# what new rod/reel should I get!!?



## mischif (Jul 14, 2006)

So, I wasn't going to make a post/thread about the purchase I will be making here in a week or 2 but I am bored and I thought why not! So pretty much I need a new combo, it will mostly be used for jig/worm/spinnerbait status. I think that something with a 6 gear ratio is what I want because I feel that a 7 is just too much of a burner for me. For my reel I want to spend around 80-150 and the rod around the 80-120 area. Also, what line do you think I should use for this setup? I was thinking maybe some kind of flouro, but I don't know what lb test I should use on a baitcaster since all I have used on baitcasters is mono/braid.

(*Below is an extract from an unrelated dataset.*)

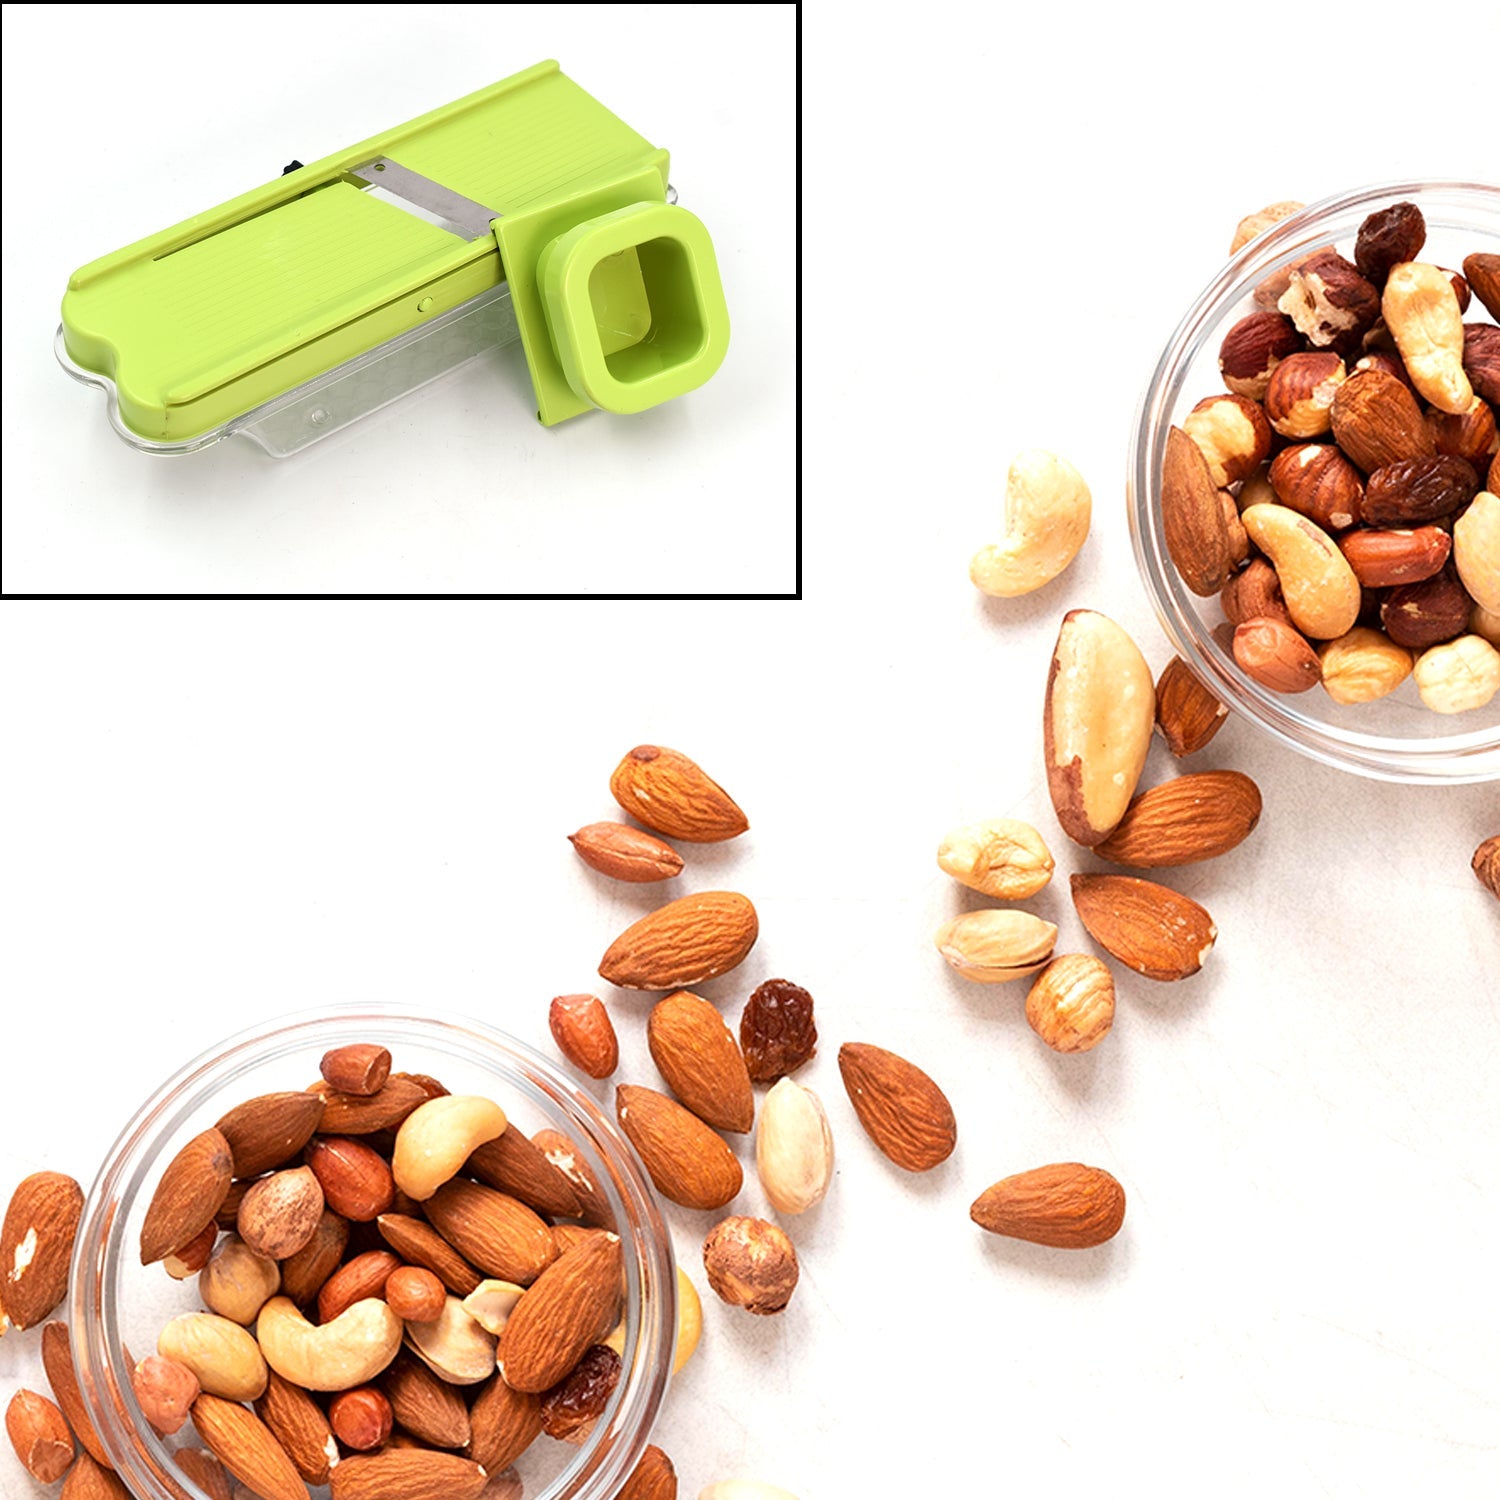 Stainless Steel Vegetable and Dry Fruit Slicer/Cutter

I have been looking at plenty of different setups but I will not say anything just so I can see what others would recommend.

Any input is greatly appreciated, and if you don't want to say anything then that's fine too!


----------



## young-gun21 (Mar 14, 2006)

I would go with an Abu Garcia Veritas (7' mh) and an Abu Garcia Revo SX (on sale at Tackle Warehouse). As far as line, for jigs/worms/spinnerbaits, I would say 14# fluorocarbon will do the trick. 

Sent from my htc EVO 4G


----------



## Tokugawa (Apr 29, 2008)

I choose FC by diameter - not rating. For those techniques, a .013" or .014" diameter line is good. Go Sunline. Cheap FC is heartbreak waiting to happen.

Good luck on your rod/reel selection.


----------



## mischif (Jul 14, 2006)

Tokugawa said:


> I choose FC by diameter - not rating. For those techniques, a .013" or .014" diameter line is good. Go Sunline. Cheap FC is heartbreak waiting to happen.
> 
> Good luck on your rod/reel selection.


thanks for the input, I almost always use bass pro shops XPS FC nowadays, I fell in love with that line. I have never used sunline before though.


----------



## Burks (Jun 22, 2011)

young-gun21 said:


> I would go with an Abu Garcia Veritas (7' mh) and an Abu Garcia Revo SX (on sale at Tackle Warehouse). As far as line, for jigs/worms/spinnerbaits, I would say 14# fluorocarbon will do the trick.
> 
> Sent from my htc EVO 4G


The exact combo I just bought a couple weeks ago. Haven't used it yet since I'm still messing around with my Black Max combo. Can't wait though, looks and feels sweet.

I've heard awesome things about the new Abu Garcia rods.


----------



## JShort (Sep 16, 2011)

Go with a Shimano curado and I'm not sure what rod. If you can find the Curado E it is better but the G is good as well. I wouldn't get the veritas rod though, I've heard the eyes are really soft and it isn't that great.


----------



## stak45dx1 (Jun 21, 2011)

Last time I was at fin feather fur in middle burg they had curado e's at full price... I have one and it's super smooth, I also have a Garcia vendetta and veritas, they are really nice rods, on the veritas I have a revo s, you can get that online for 99,99. That one is only slightly behind my curado as my favorite reel.


----------



## Silent Mike (Aug 9, 2009)

lews tournament MG is a great baitcast....bought a lefty last month and i love it, and its $129 at gander i believe


----------



## mischif (Jul 14, 2006)

i think im going to go with the lews tournament pro that is 199. It has gotten great reviews, and the rod I am most likely getting is a abu garcia veritas. The rod will be around 7' 2" and medium heavy


----------